[Opening Provided data section]
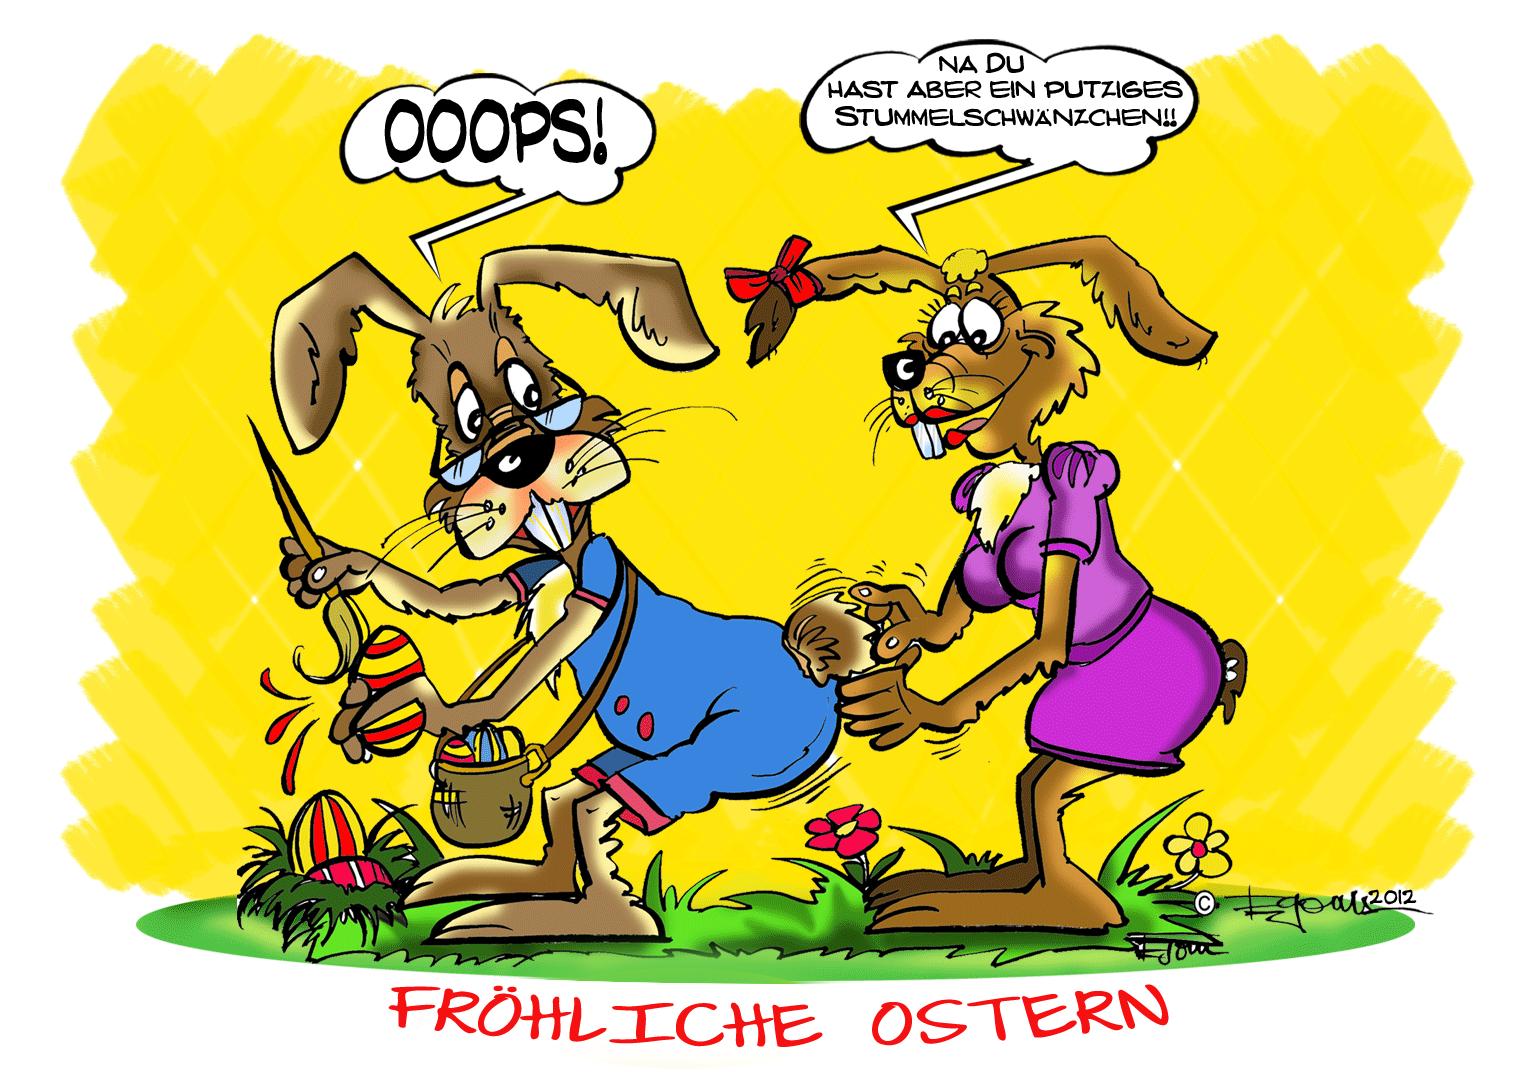 Witzige Ostergrüße Bilder 2021
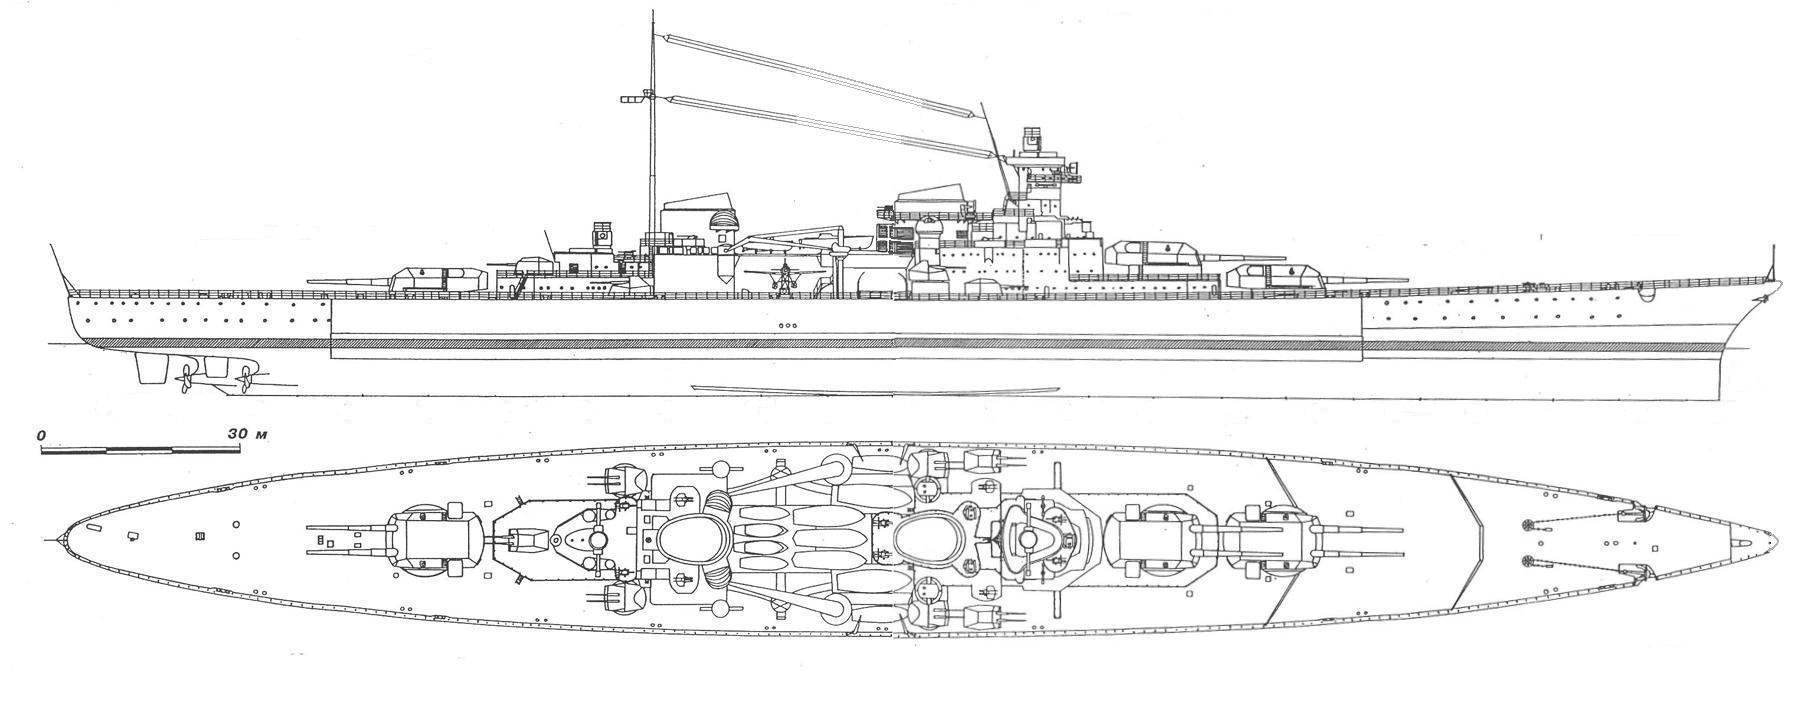 A csatacirkáló oldalnézeti rajza és felülnézete.
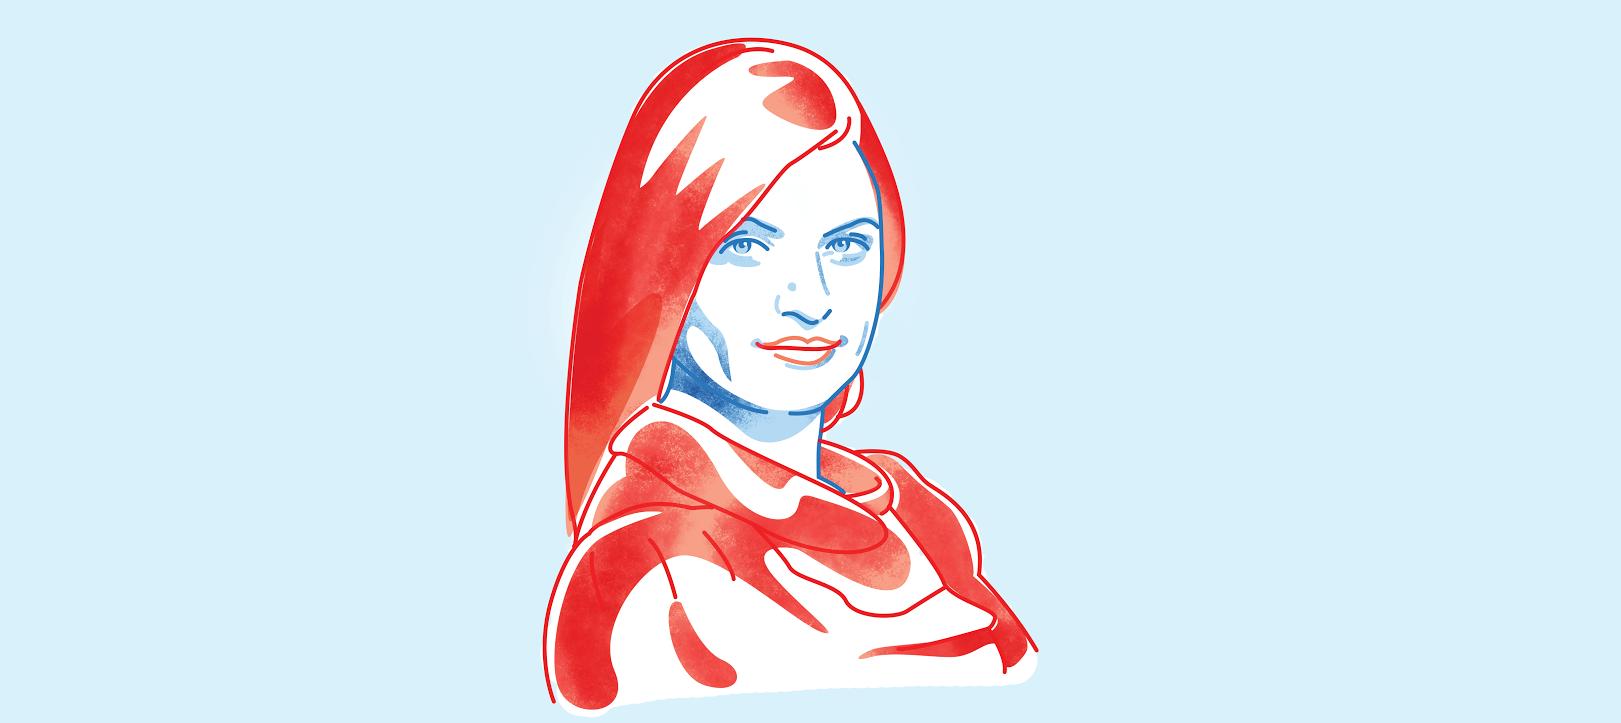 Наталья Емченко: «Как быть больше, используя и потребляя меньше?»
[Closing Provided data section]
**Exercise details:**
Reprint the whole listing verbatim except for the pictures.

**Response to this task:**
 Witzige Ostergrüße Bilder 2021
 A csatacirkáló oldalnézeti rajza és felülnézete.
 Наталья Емченко: «Как быть больше, используя и потребляя меньше?»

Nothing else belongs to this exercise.